AIM OF THE TASK
Could you repeat the entries below exactly, but only from the line with "The Tokyo Ska" through the line with "Pair of painted", and without any picture?

DATASET ENTRIES
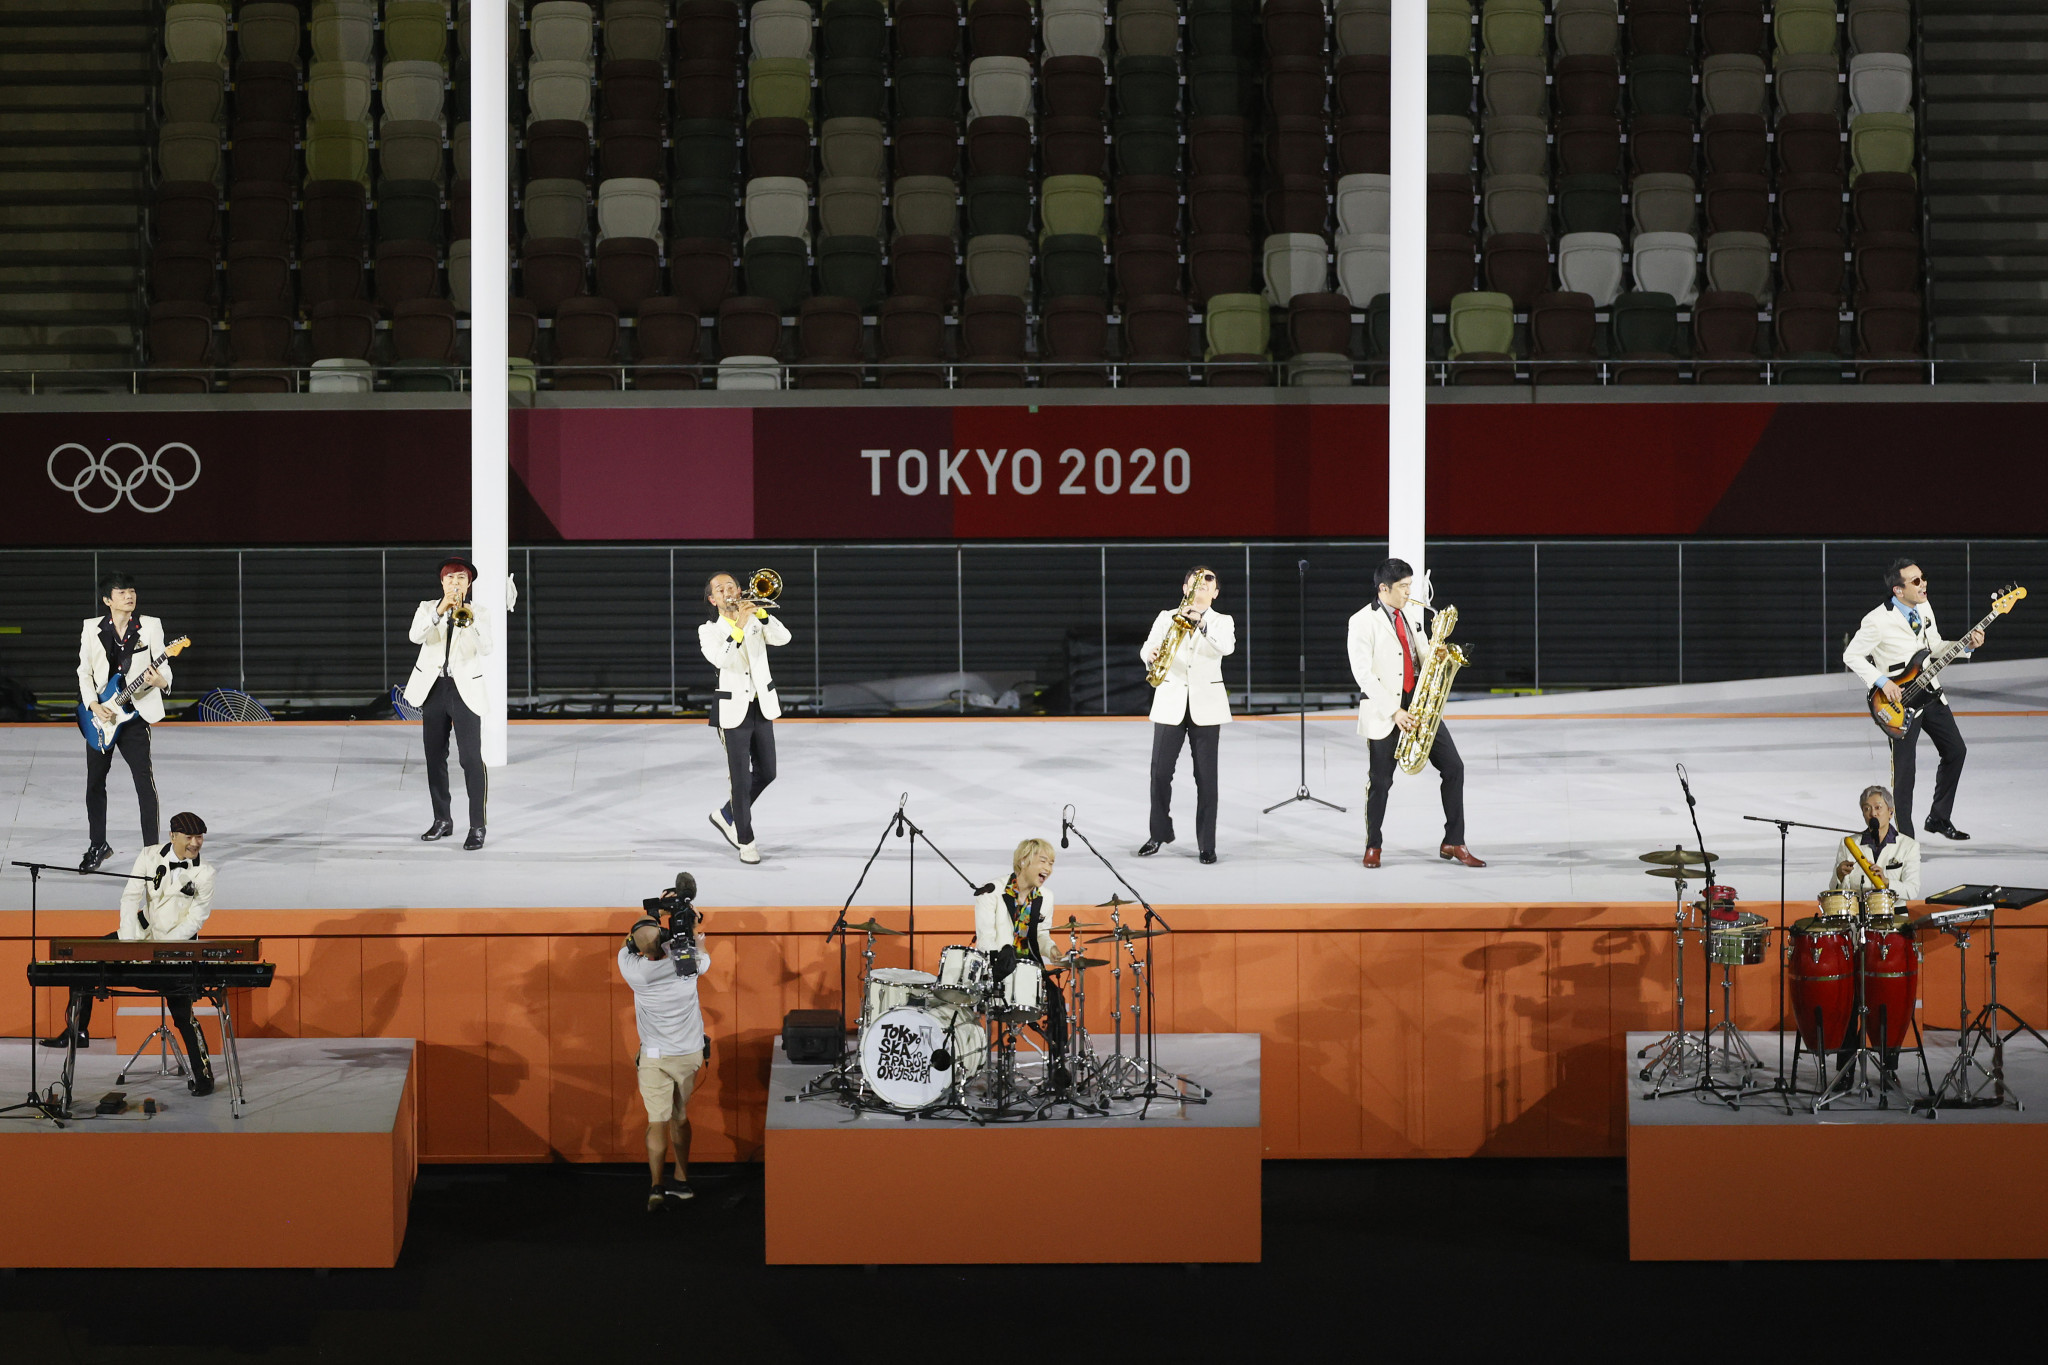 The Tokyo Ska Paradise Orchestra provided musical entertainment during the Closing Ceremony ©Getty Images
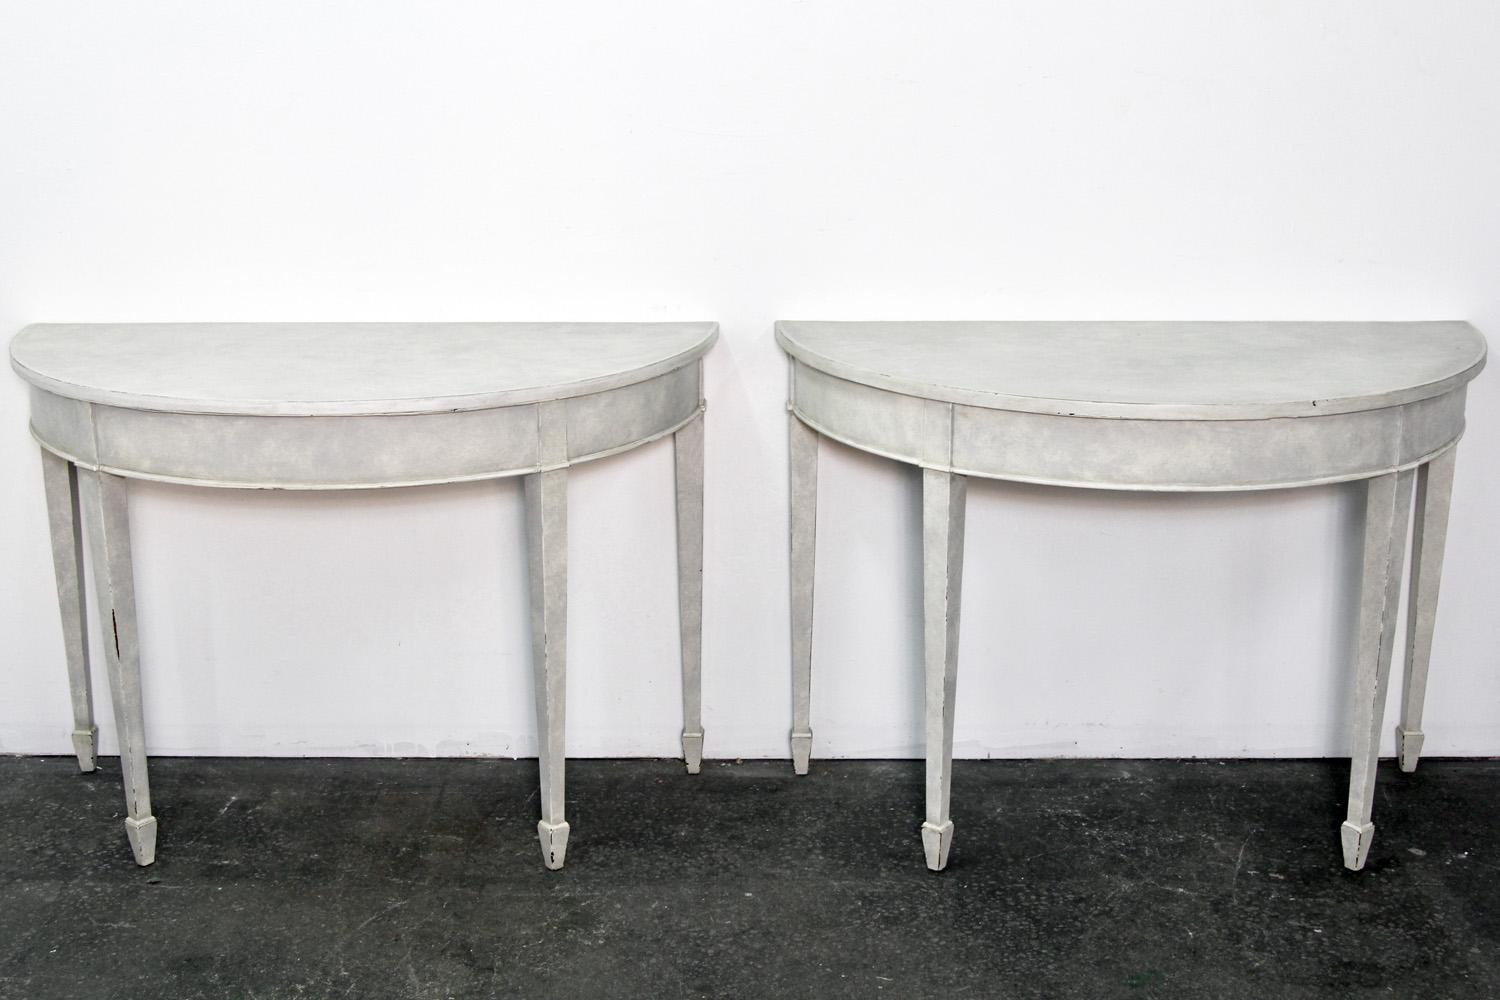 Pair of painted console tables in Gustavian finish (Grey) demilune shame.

--

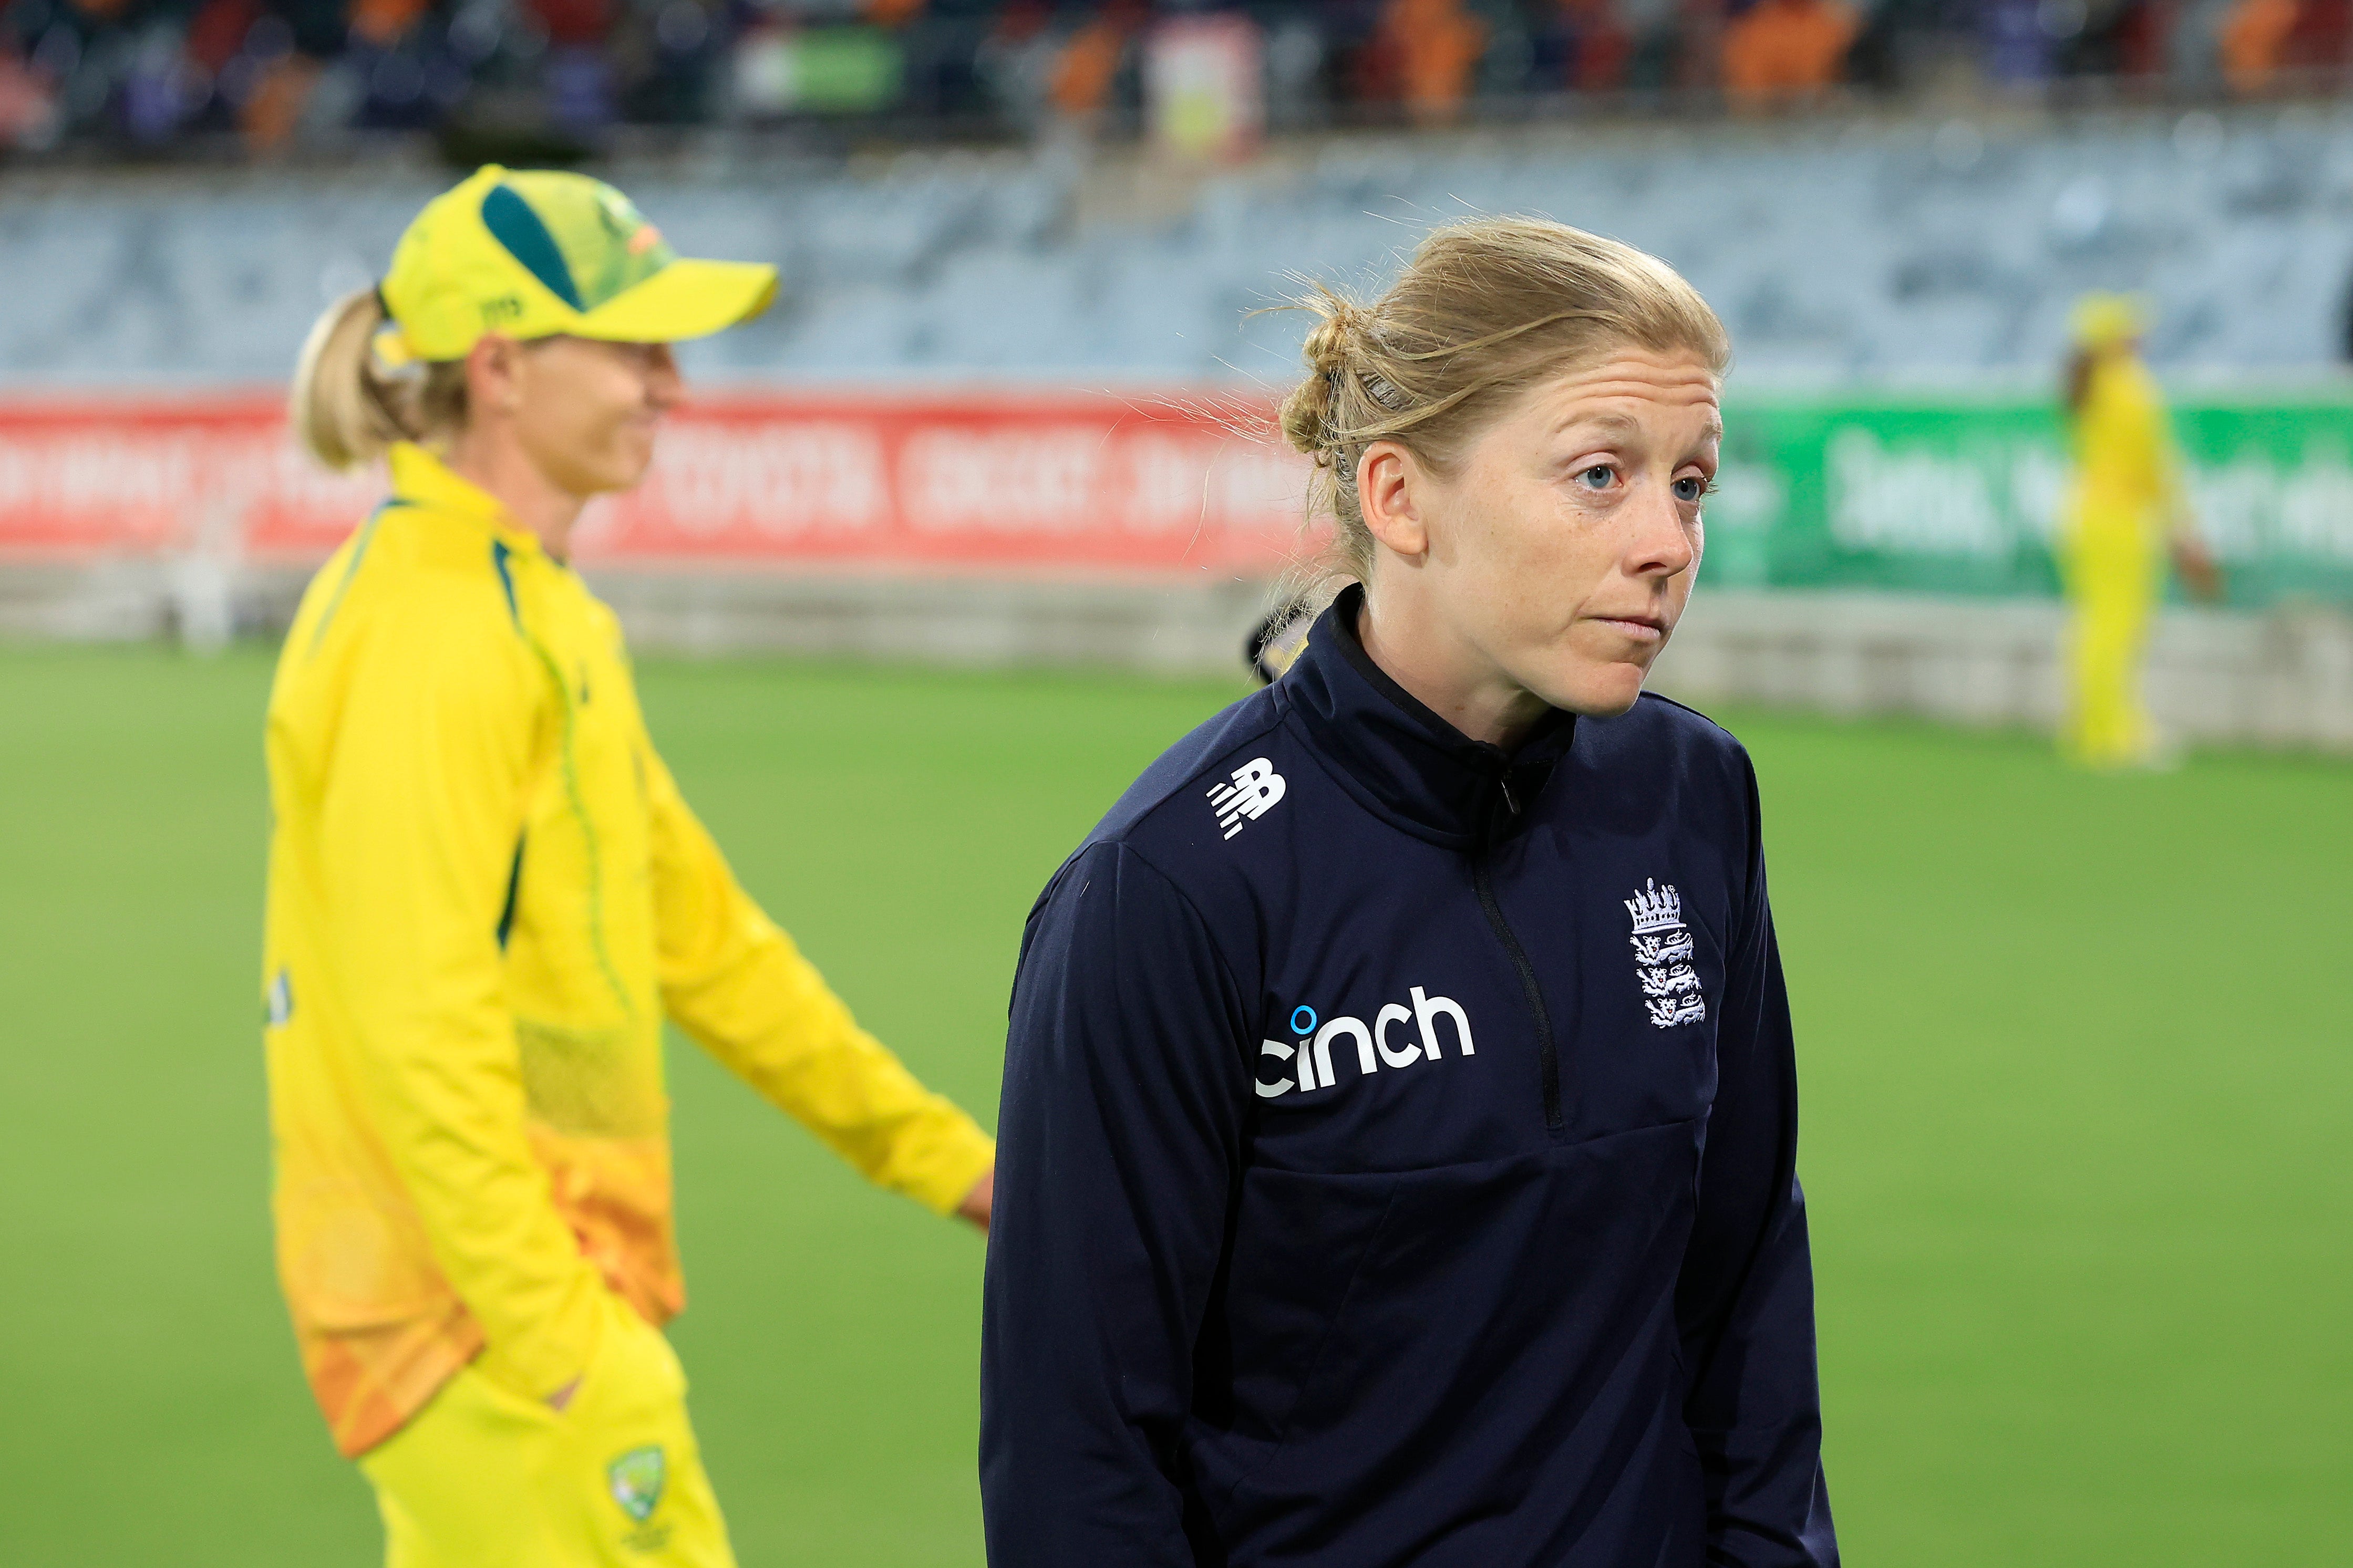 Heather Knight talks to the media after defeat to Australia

...

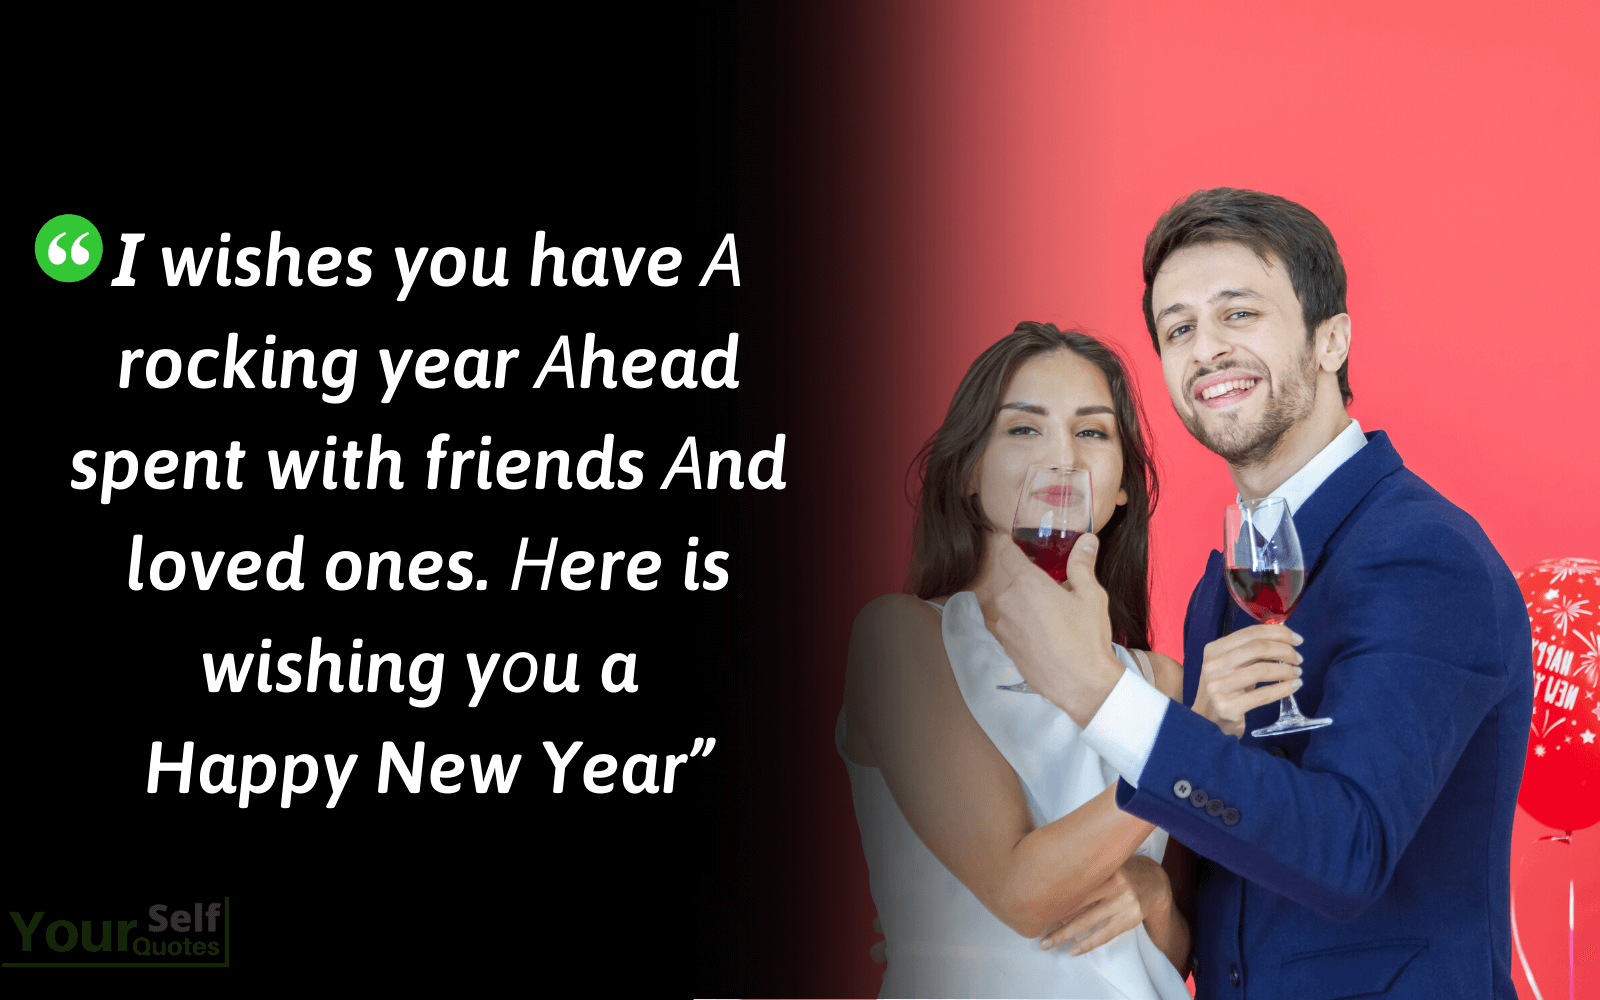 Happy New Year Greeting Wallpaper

TASK RESPONSE
 The Tokyo Ska Paradise Orchestra provided musical entertainment during the Closing Ceremony ©Getty Images
 Pair of painted console tables in Gustavian finish (Grey) demilune shame.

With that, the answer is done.